The film was shot while American bombs were already falling on Cambodian territory. One can't help but see in this Phnom Penh bourgeoisie that fusses, loves, and tears itself apart in its plush salons, the testimony of a society on the brink of the abyss. The Time to Cry is much more than a simple melodrama: it's the portrait of a world on the verge of disappearing.

A Survivor Film, a Living Work

The film was discovered by Davy Chou—co-founder of Anti-Archive and director of Return to Seoul—in the personal collection of cinephile Vathana Huy, during research for Golden Slumbers, his 2011 documentary on the golden age of Cambodian cinema. The poor quality of the available copy suggests it was likely duplicated from a compressed video CD, itself recorded from VHS tapes, which were taken from damaged 16 mm reels. Scenes are missing, including the precise moment of the protagonists' reunion. In a rare 2021 interview, Uong confided: "It hurts to see these images with missing scenes. I actually prefer not to watch them at all."

Yet, in Kep this Thursday, the film truly came alive. Amid the laughter and attentive silences of around fifty spectators—including these children from the Kep Educational Center who may have been discovering this chapter of their own history for the first time—this incomplete melodrama proved that some works resist time, regimes, and destruction.

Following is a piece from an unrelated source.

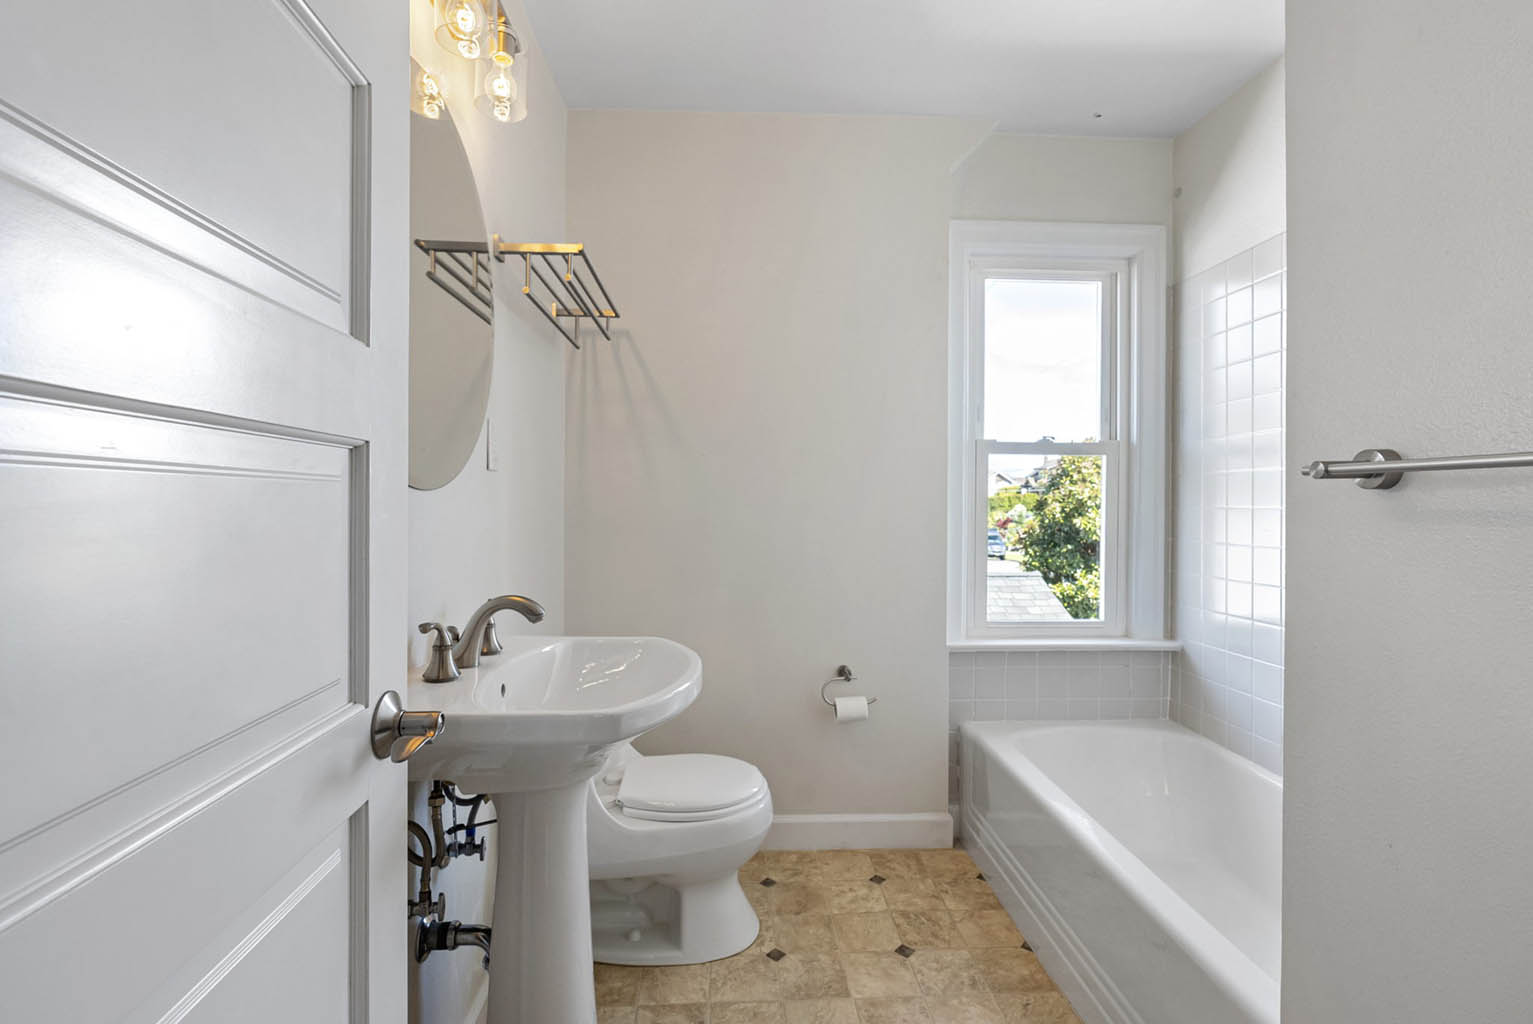 Hall bathroom with tub and shower

CIFF 360 & Kep : Le temps des pleurs, enfin retrouvé

A Well-Deserved Tribute

This screening is part of a broader homage paid by CIFF to Uong Kan Thouk's work, with three of her films presented this year at the Bophana Center in Phnom Penh: Time to Cry, Muoy Meun Alay (1970), and Thavary Meas Bang (1969). The director's granddaughter, Ambre Rama, participated in the festival. A late but welcome recognition for a filmmaker too long forgotten—and, this Thursday in Kep, a film that found its audience, from the oldest to the youngest.